IEA: Low oil price triggering large cut in non-OPEC supply

The declining oil price, which hit a six-year low in August, is expected to cut non-OPEC supply in 2016 by nearly 0.5 million barrels per day (mb/d) – the biggest decline in more than two decades, states the International Energy Agency (IEA) in its September Oil Market Report.

In this month’s report, the IEA says that lower output in the US, Russia, and North Sea is expected to drop overall non-OPEC production to 57.7 mb/d. US light tight oil, the driver of US growth, is forecast to shrink by 0.4 mb/d next year.

OPEC crude supply fell by 220 000 barrels per day (220 kb/d) in August to 31.57 mb/d, led by declines in Saudi Arabia, Iraq, and Angola. The group’s output stood 1.2 mb/d higher than a year earlier. IEA says that the “call” on OPEC climbs to 31.3 mb/d in 2016, up 1.6 mb/d year-on-year as lower prices dent non-OPEC supply and support above-trend demand growth.

Global oil demand growth is expected to climb to a five-year high of 1.7 mb/d in 2015, before moderating to a still above-trend 1.4 mb/d in 2016, thanks to lower oil prices and a strengthening macroeconomic backdrop.

OECD oil inventories swelled by a further 18 mb in July to a record 2 923 mb.

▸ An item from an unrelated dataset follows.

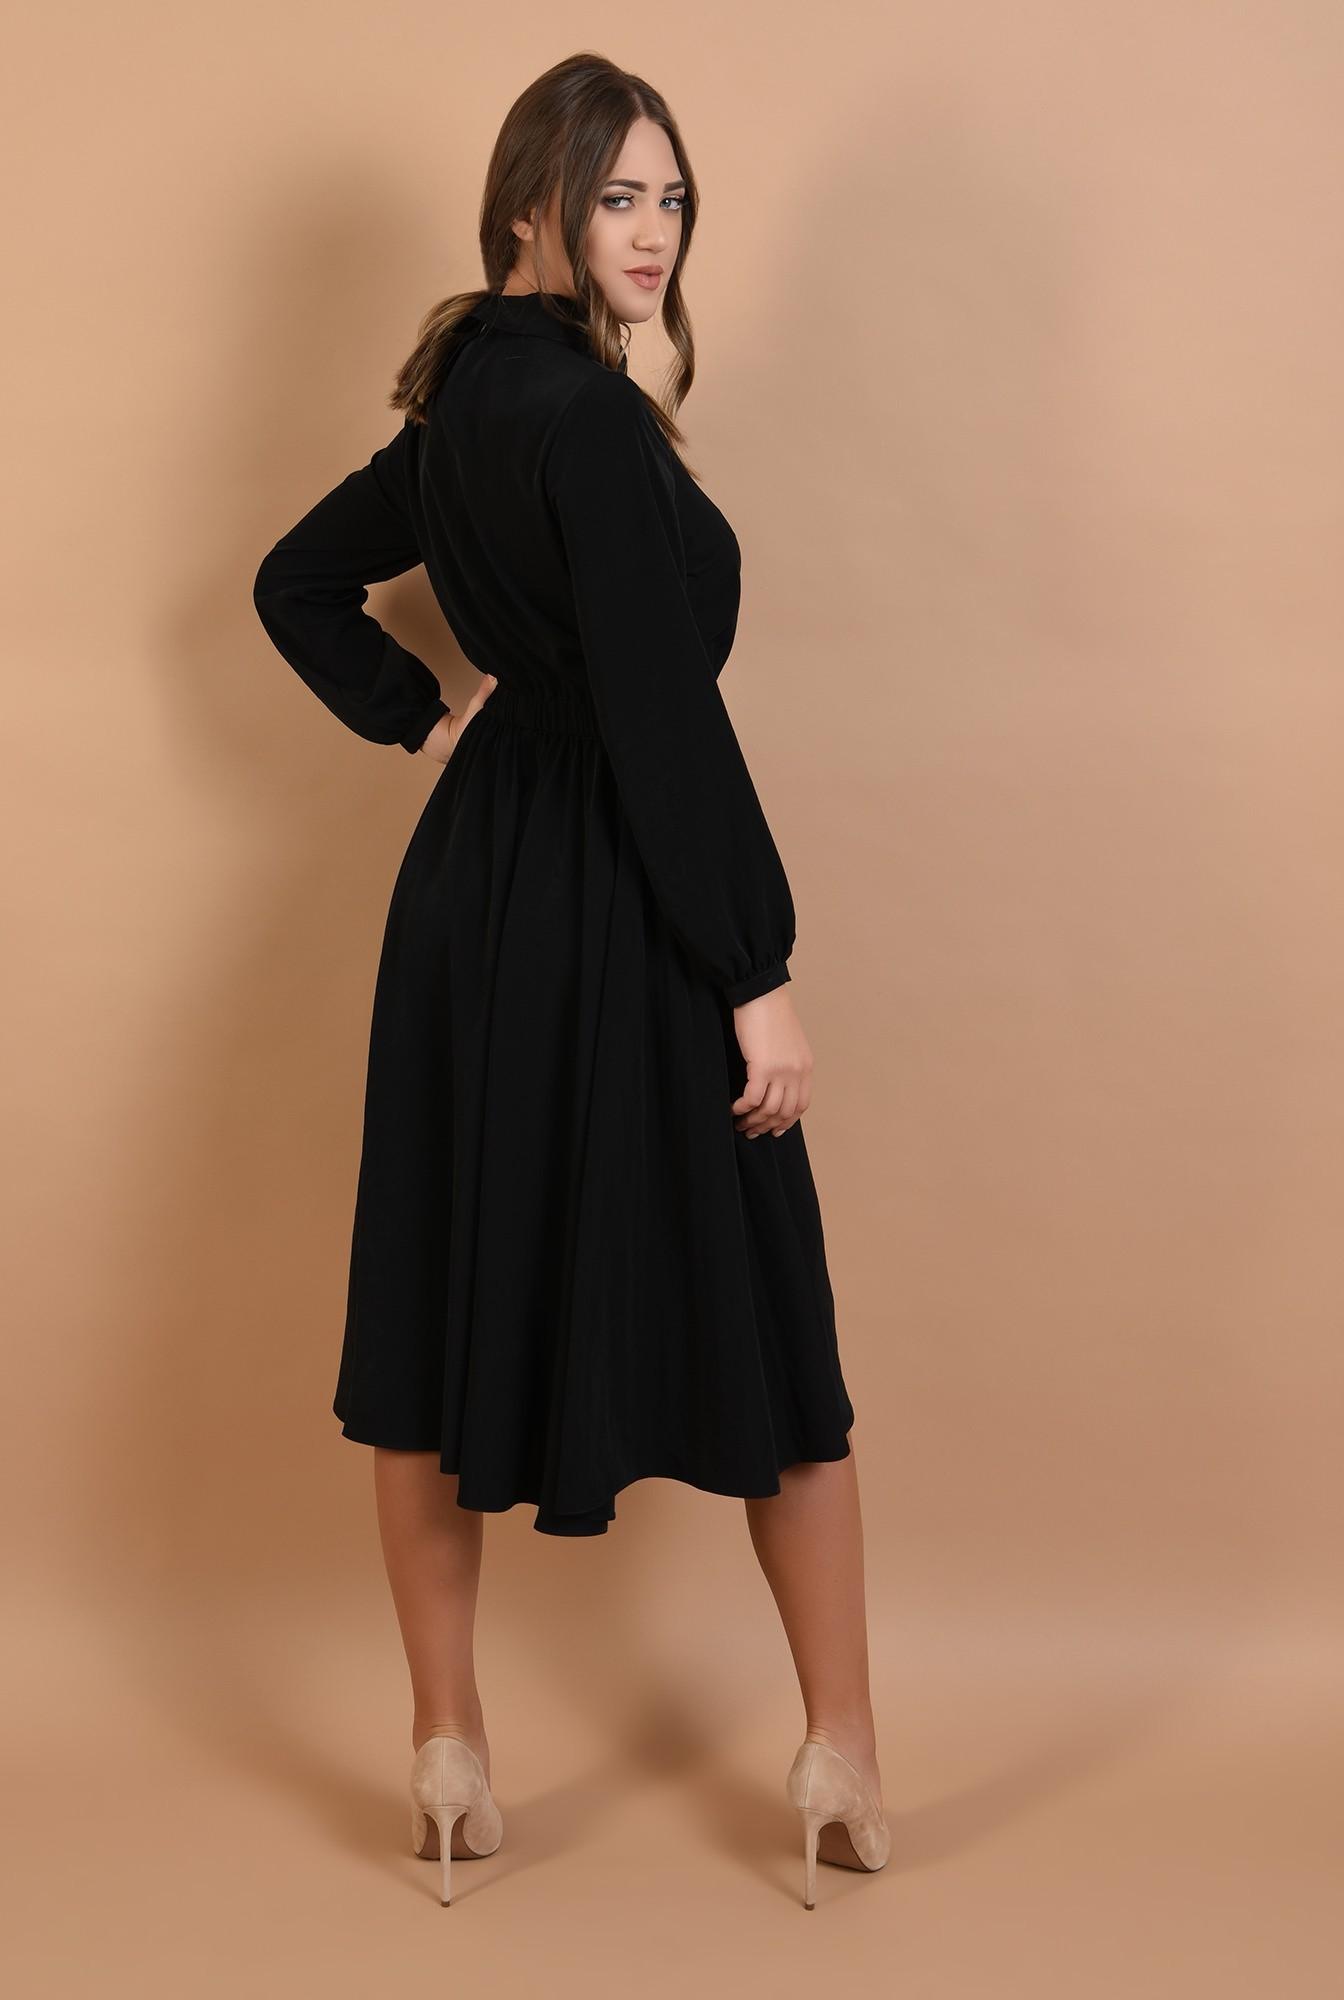 2 - 360 - rochie casual, midi, evazata, talie variabila, guler ascutit

Robust refinery throughput pushed crude stocks 9.9 mb lower, while refined products added 26.7 mb. At the end of July, product stocks covered 31.2 days of forward demand, 0.6 day above the end of June. Preliminary data suggest there were further builds in August.

Global refinery throughput reached a seasonal peak of 80.9 mb/d in August before the autumn turnarounds that are cutting runs through October. Refinery margins remained robust through early September, but with support shifting from gasoline to middle distillates as refiners gear up for the heating season.